The same logic could have been applied to the companies for which the law was initially written, he said, and the suit’s basic questions remain effectively identical to those of more traditional challenges to a company’s CDA immunity claims. “Whether Grindr could have reasonably done something I have no idea,” Greene told me. “There’s lots of things I think companies should do that they’re not required by law to do.”
But the goal of a law is to “provide certainty,” he said — an imperative he sees as particularly pressing when a law has free-speech implications. Ultimately, he said, online abuse victims have other avenues of recourse, and where they don’t, such as in a case where an abuser is in another country, the fundamental problem does not concern Section 230 in itself, but rather the legal code in general. The CDA, he said, “is the wrong place to direct your anger.”
But Herrick’s lawyers maintain that legally speaking, the CDA per se is not, in this case, their source of ire.
“I think the bloating of the law by judges interpreting it is the real problem,” said Carrie Goldberg, another attorney representing Herrick on the case. She posed an example: Someone defames you on Facebook and a judge rules Facebook itself is immune to lawsuit for defamation? “That’s a completely proper application of it in my opinion.”
Goldberg regularly represents victims of online sexual privacy violations. As in the Grindr case, her work often specifically involves challenging companies that she believes tolerate clear abuse of their platforms.

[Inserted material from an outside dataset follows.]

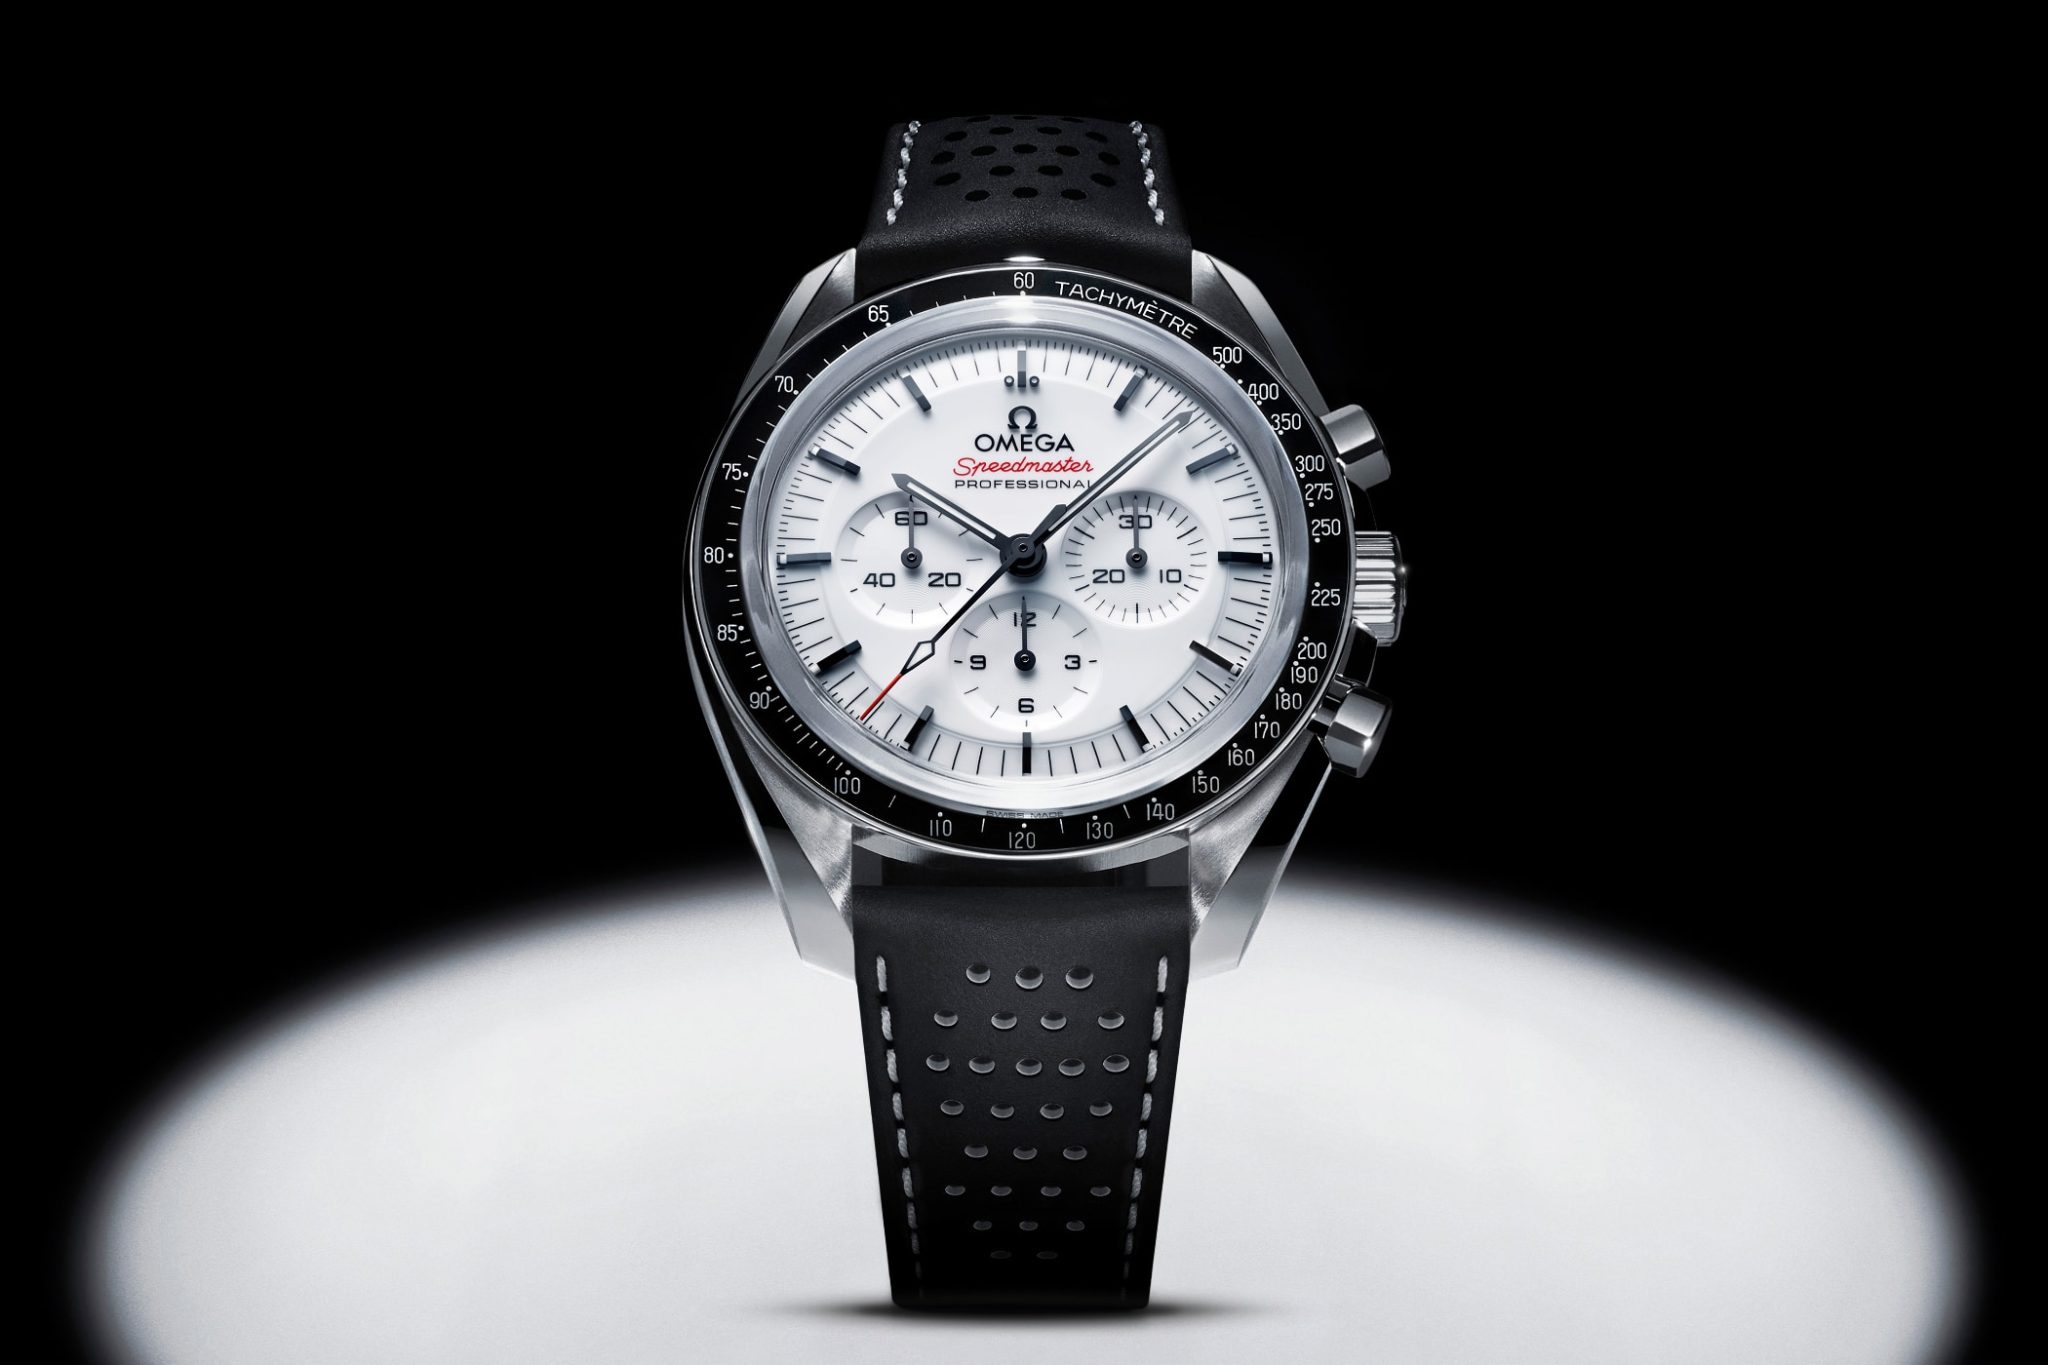 omega-speedmaster-professional-moonwatch-white-dial-310.30.42.50.04.002-lederband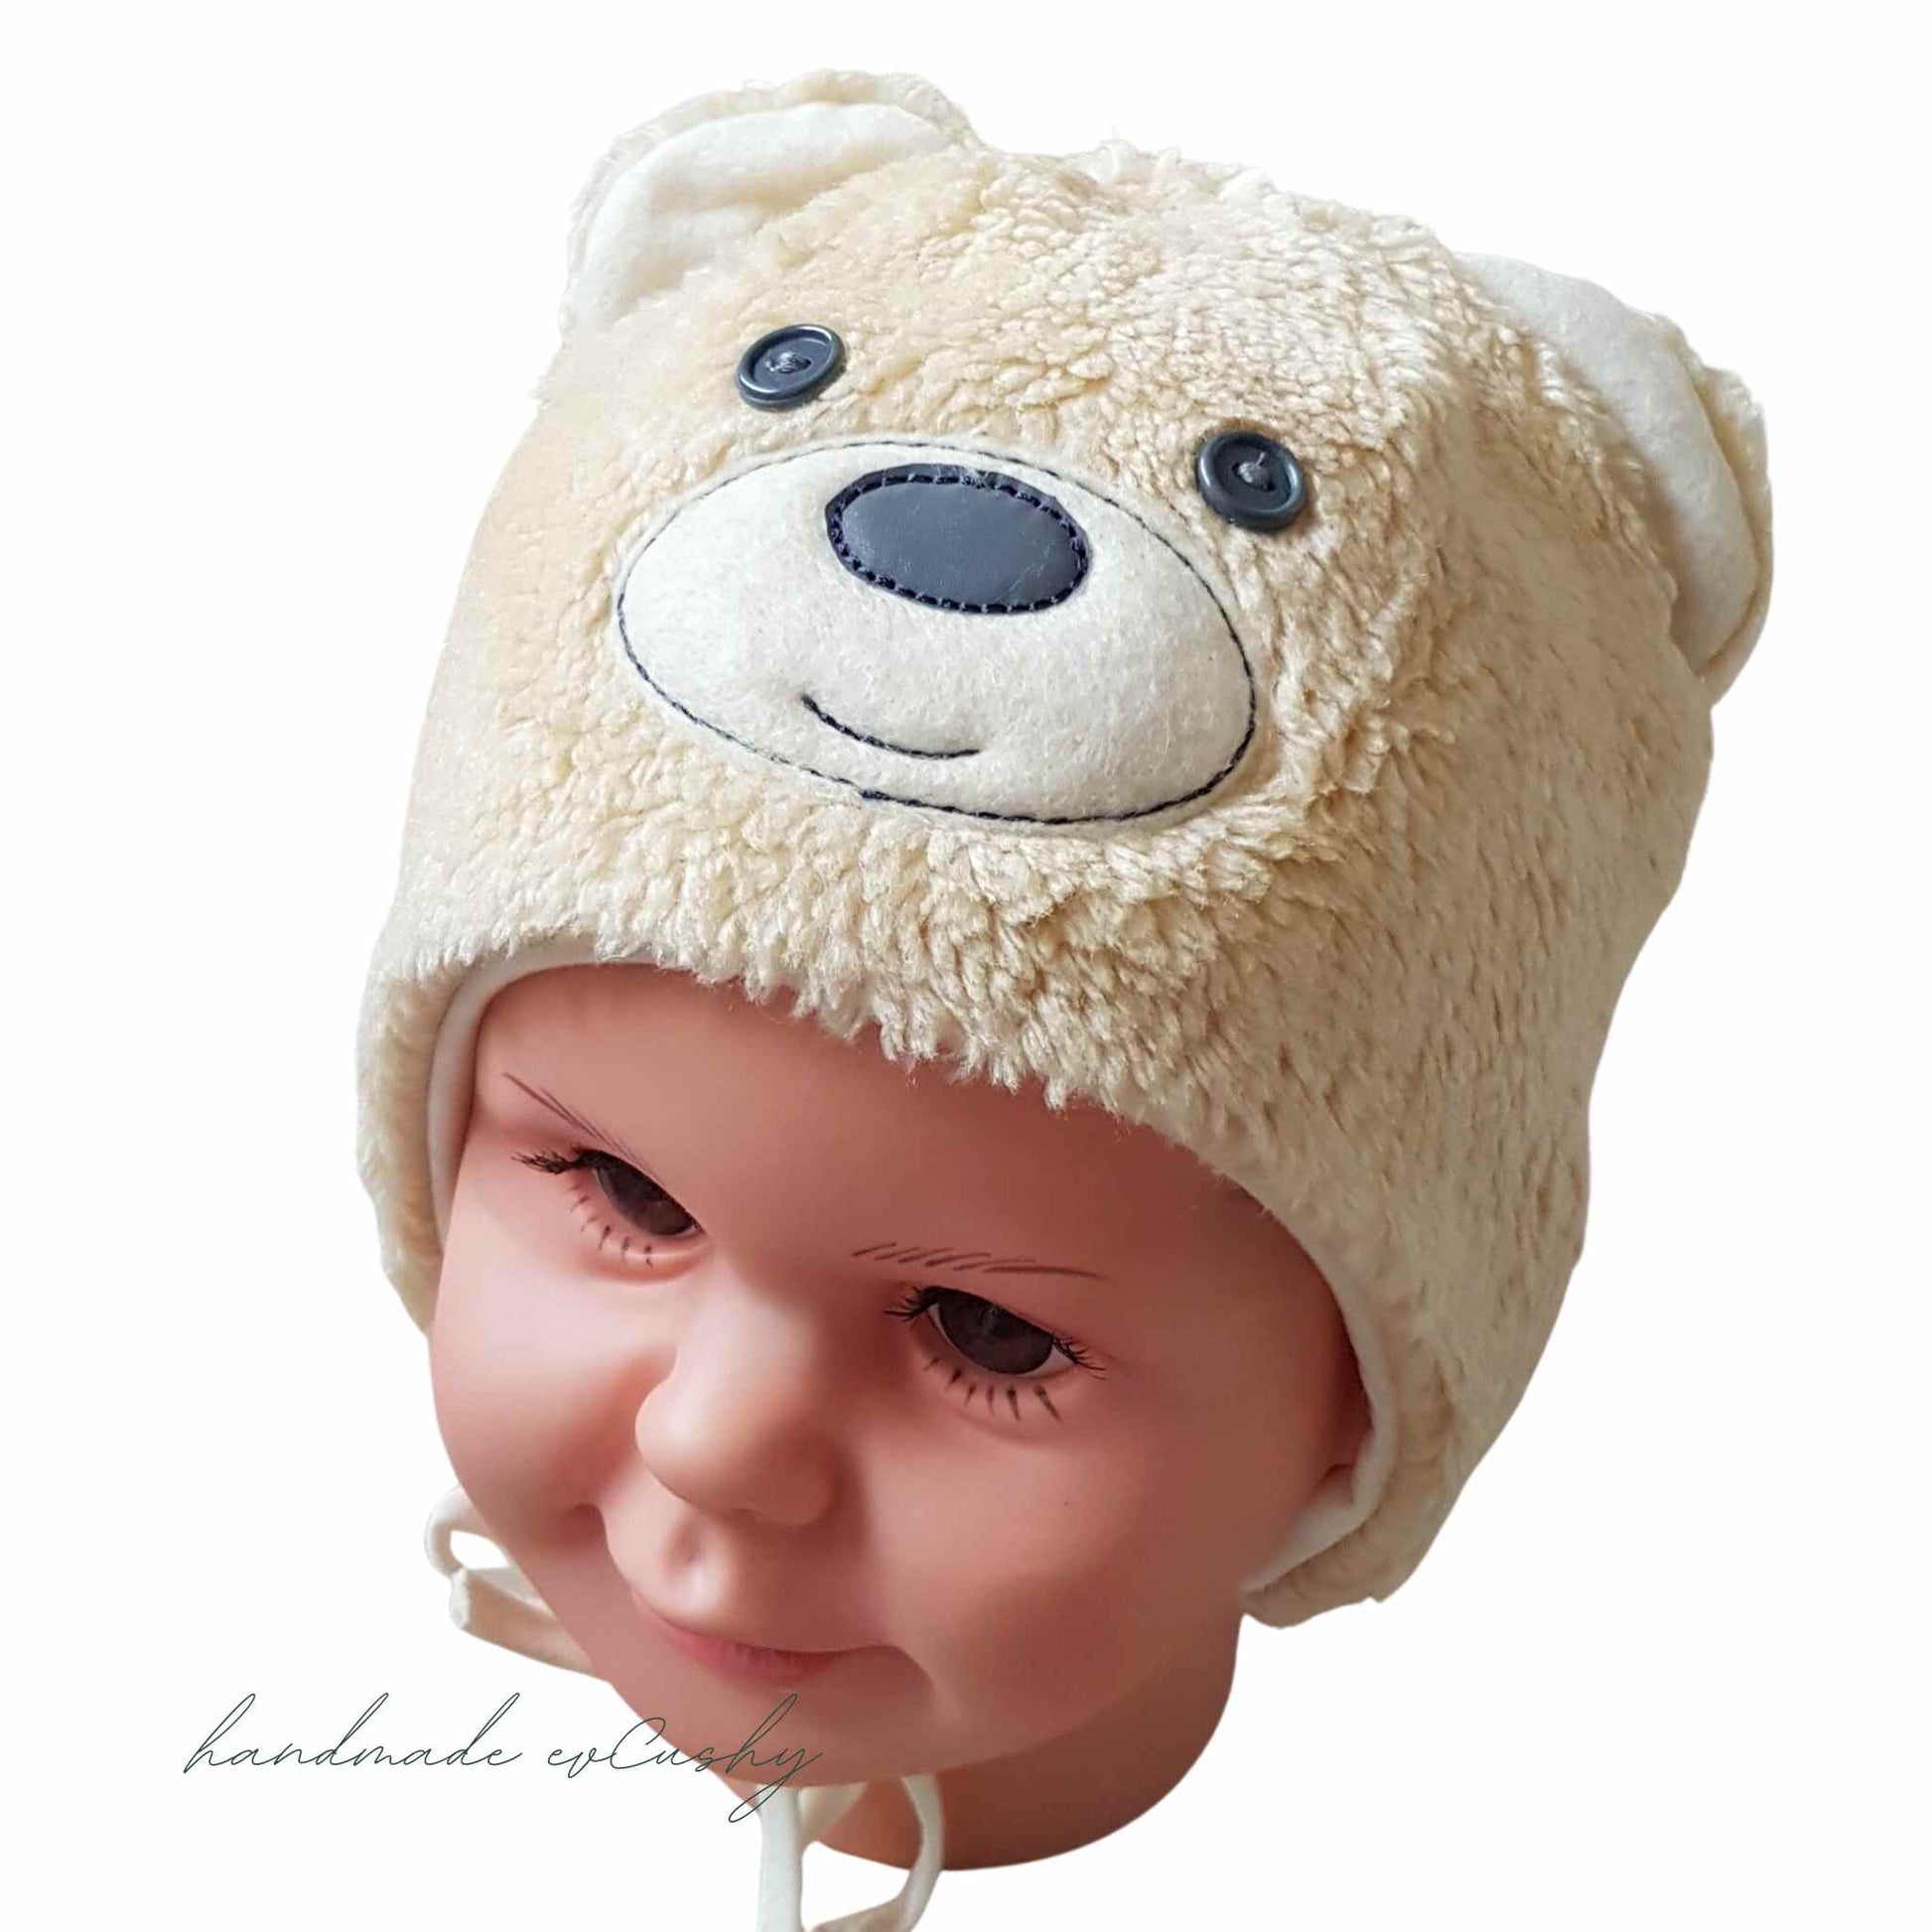 evcushy baby hat for winter warm polar hat bonnet teddy bear with ears

“There were cease-and-desist letters sent to Grindr,” she said. “They knew, and they’re still hiding behind the CDA. That’s a real problem. As a litigator, my interest is for case law to determine the scope of how a law should be handled. I’m not particularly motivated to create new laws. I don’t like to beg congress members… to write a law and get it voted on. I’m not a lobbyist… I’m a lawyer. The courtroom is how I try to make change.”
But, she said, “if we lose, than yeah, there does need to be a legislative fix, because my clients all over the place are being impersonated, and no action is taken. And this would create a really sickening world if the tech industry — the most powerful and omniscient industry — basically never has to see the inside of a court and has no liability to the public for the weaponization of their product.”